Les cas répertoriés ne sont par ailleurs que la pointe de l’iceberg. Les études démontrent que 80 pour cent des personnes infectées ne montreront aucun symptôme et, donc, ne seront jamais identifiées par les autorités de santé publique. Près de 20 pour cent des cas se traduiront par des symptômes s’apparentant à la grippe et les cas les plus graves, soit moins de 1 pour cent, auront des atteintes au système nerveux qui peuvent se traduire par une encéphalite, une méningite ou des paralysies partielles.

Or, les données de la Montérégie illustrent parfaitement ce phénomène: 70 pour cent des cas répertoriés (51 personnes) présentaient ces atteintes sérieuses au système nerveux, près d’une vingtaine avaient des symptômes grippaux et seulement six personnes infectées ne présentaient aucun symptôme, leur infection ayant été identifiée par la présence d’anticorps lors de tests sanguins. En d’autres termes, l’écrasante majorité des cas ne seront jamais identifiés puisque les personnes touchées ne rapporteront aucun problème de santé.

Aucun traitement

La totalité des décès survenus en Montérégie étaient des personnes de plus de 60 ans et 80 pour cent d’elles souffraient d’une maladie chronique. Ces deux variables — l’âge avancé et la présence de maladies chroniques — sont d’ailleurs les facteurs de risque les plus importants pour les atteintes au système nerveux.

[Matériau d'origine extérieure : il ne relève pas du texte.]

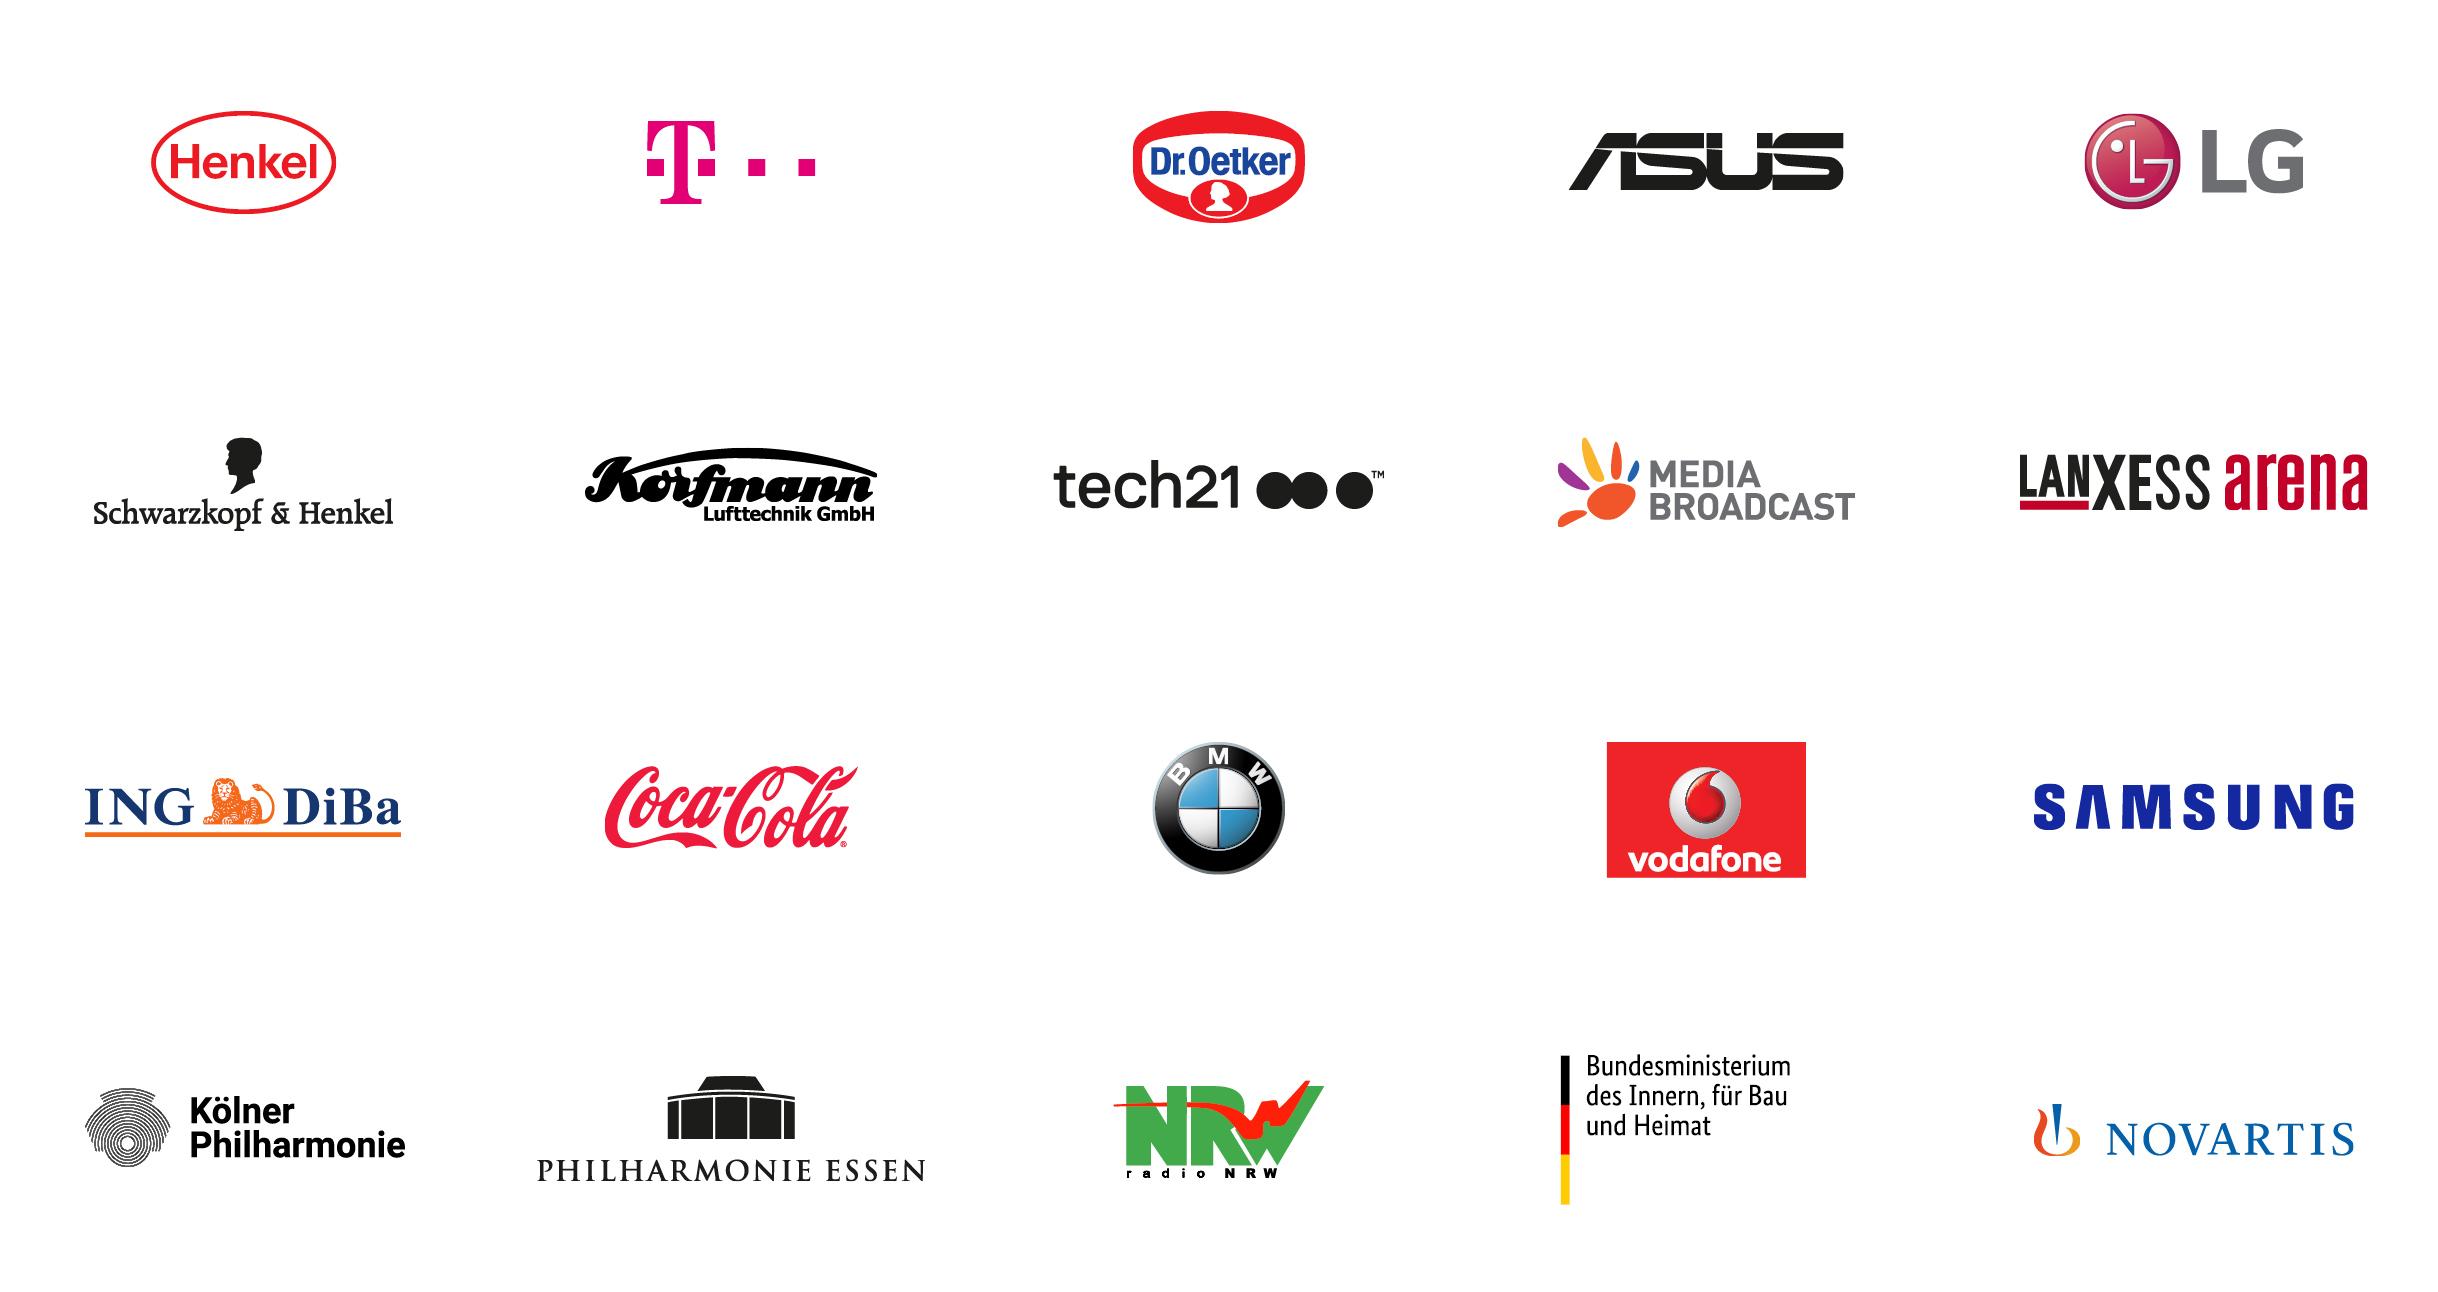 Henkel, Telekom, Dr. Oetker, Asus, LG, Schwarzkopf, Korfmann, Tech 21, Media Broadcast, Lanxess Arena, Ing Diba, Coca Cola, BMW, Vodafone, Samsung, Kölner Philharmonie, Philharmonie Essen, Radio NRW, Bundesministerium des Innern, Novartis

La direction de la santé publique de la Montérégie est incapable d’expliquer cette soudaine poussée de la maladie en 2018, pas plus qu’elle ne s’avance sur des prévisions pour 2019, faisant valoir qu’il y a encore trop d’impondérables et de variables dans la propagation de la maladie, tant du côté des populations d’oiseaux, leurs déplacements, le moment de l’éclosion des moustiques et ainsi de suite.

Il n’y a ni traitement ni vaccin contre le virus du Nil occidental, sauf pour les chevaux, curieusement. Ces derniers sont vulnérables à la maladie, mais des vaccins sont disponibles dans la pharmacologie vétérinaire depuis 2003.